Loss function affect Optimization
- 设目前做一个三分类的模型,当前这个分类的结果是$ \hat y = \begin{bmatrix}1 \cr 0 \cr 0 \end{bmatrix} $
- e表示$y到\hat y$之间的距离,可以是MSE,也可以是Cross-entropy
- $y_1$的取值范围为[-10, 10], $y_2$的取值范围为[-10, 10], $y_3$的取值为固定值-1000
- 下图左右分别为MSE和Cross-entropy想对于y的取值的Error Surface,
- 这两张图中Error Surface的特点都是右下角loss小,左上角loss大
- 假设我们开始的地方都是左上角:如果我们选择Cross-entropy,左上角的地方是有斜率的,所以可以通过gradient的方法一路向右下角走达到small loss; 如果我们选择MSE,我们就卡住了,在MSE左上角这个loss很大的地方,它的gradient非常小,趋进于零,而距离目标又很远,没有很好的办法通过gradient的方法走到右下角。
- 所以如果做classification时,选择使用MSE做loss时,有很大可能性train不起来; 当然如果使用类似Adam这些好的Optimizer时,也许有机会走到右下角。

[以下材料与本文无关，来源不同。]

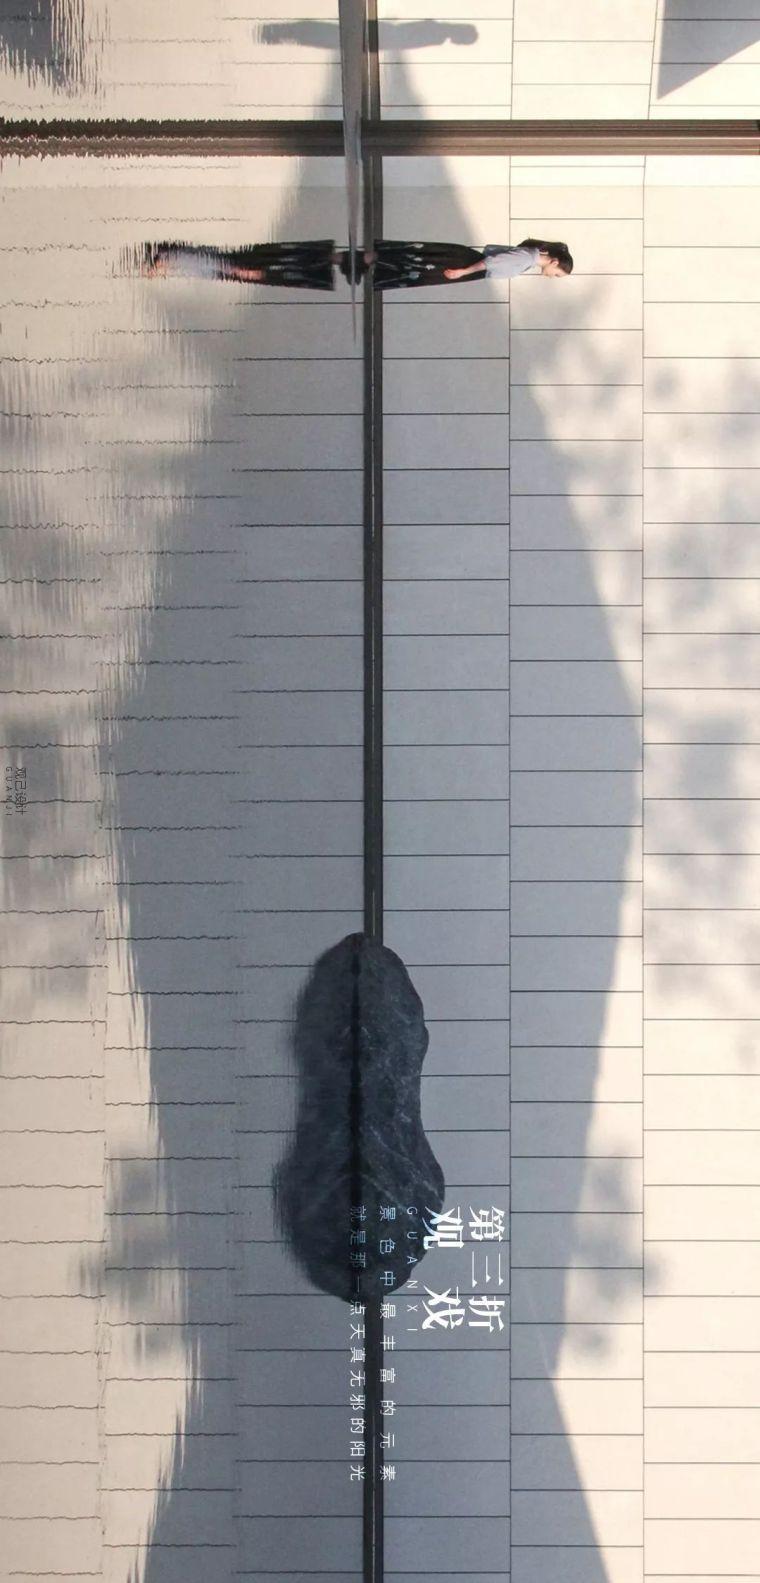 宋式园林,山海剧场|融创&新希望·御栖湖_22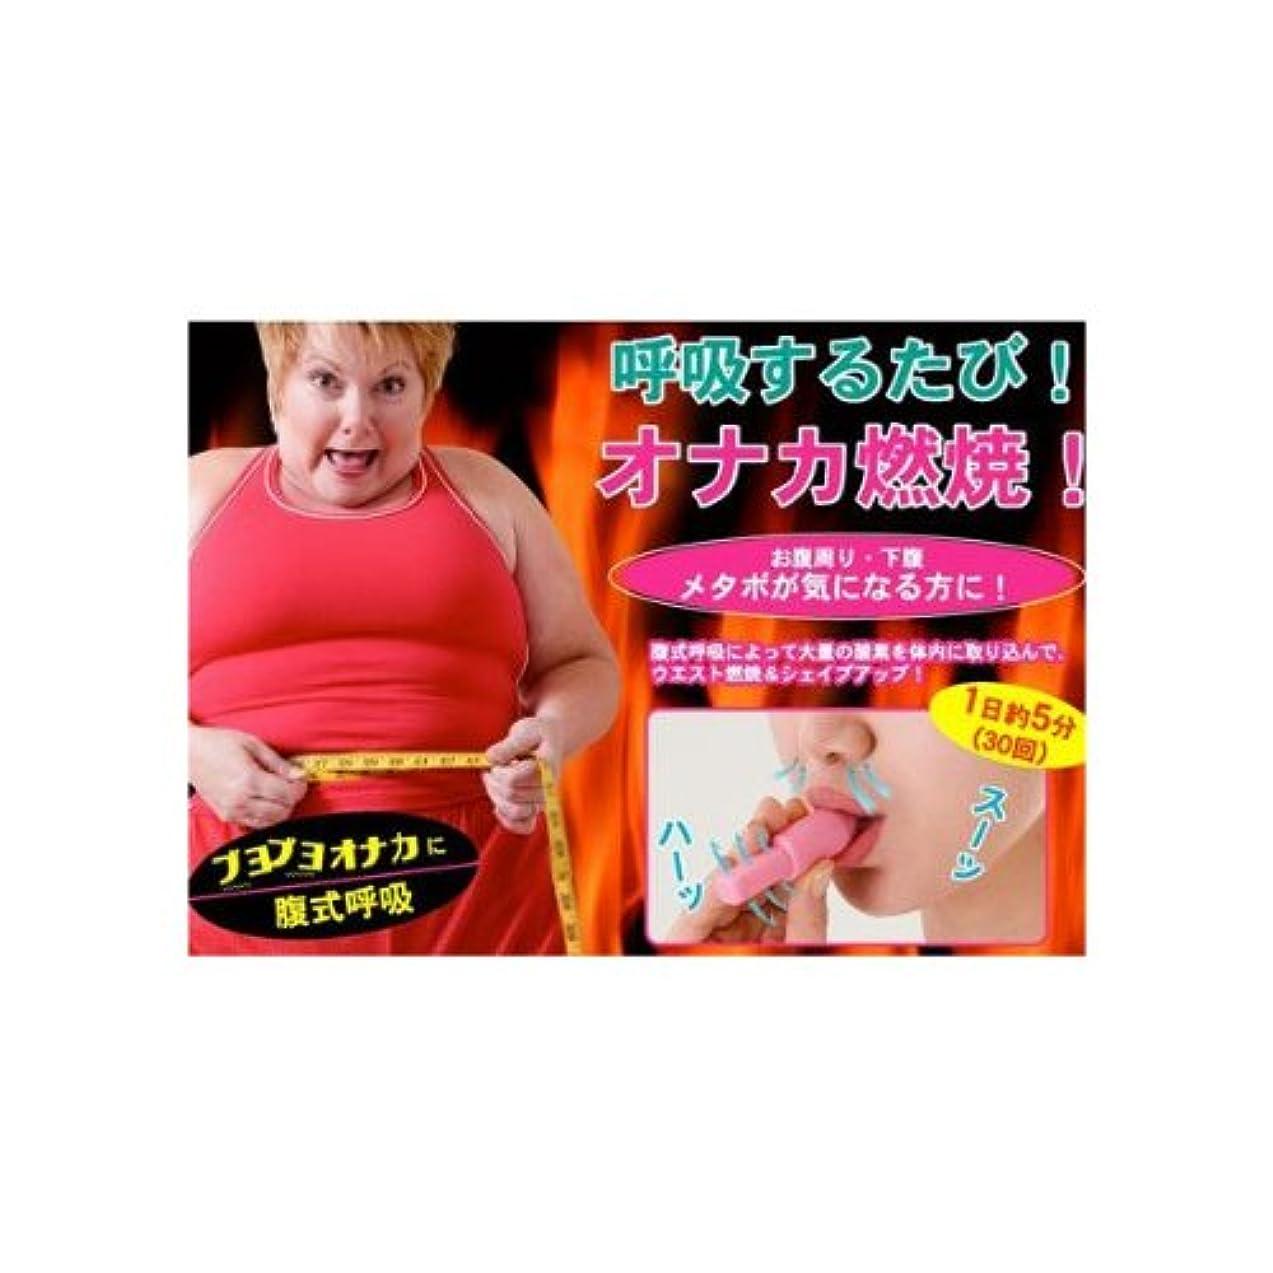 ウェブ不良新着腹式呼吸によってウエスト&エクササイズ!腹式呼吸ダイエット『カロリーブレス』

- Changing the loss function can change the difficulty of optimization.
Normalization
Changing Landscape
- $w_1, w_2$与不同的feature相关,由于不同的feature范围不同,导致了$w_1, w_2$的变动对最终的loss产生不同的影响
- 是否可以找到一个方法,让不同的feature有着相似的range
Feature Normalization
- 下图只是Feature Normalization的一种可能
- $ x^1, x^2, \cdots, x^R $ 为数据的R个features
- For each dimension i:
- $m_i$ : mean
- $\sigma_i$ : standard deviation
- Normalization: $\tilde{x}_i^r \leftarrow \frac{x_i^r-m_i}{\sigma_i} $
- The means of all dims are 0, and the variances are all 1
- In general, feature normalization makes gradient descent converge faster.
$\theta$的Normalization
- $\tilde{x}^1$在经过$W^1$后得到的$z^1$也是具有不同的range的,这将导致针对$W^2$的optimize会比较的困难
- 对于$W^2$来说,这里的z或者a也是feature,所以这里需要考虑对z或者a做Normalization
- 那么到底在激活函数的前面还是后面做normalization呢?实作中都可以,但当activation function为Sigmoid时,建议在Sigmoid的前面,也就是这里的z做normalization。
Feature Normalization的计算
- $\mu = \frac{1}{n}\sum\limits_{i=1}^nz^i $
- $ \sigma = \sqrt{\frac{1}{n}\sum\limits_{i=1}^n(z^i-\mu)^2} $
- $ \tilde{z}^i = \frac{z^i-\mu}{\sigma} $
Batch normalization
- 由于需要对$x, z^1, z^2, \cdots, z^n$都做normalization,所以这是一个巨大的network,如果使用这个巨大的network针对所有的数据去求$\mu和\sigma$是不太现实的, 所以只能将范围缩小到一个batch,从而诞生了batch normalization。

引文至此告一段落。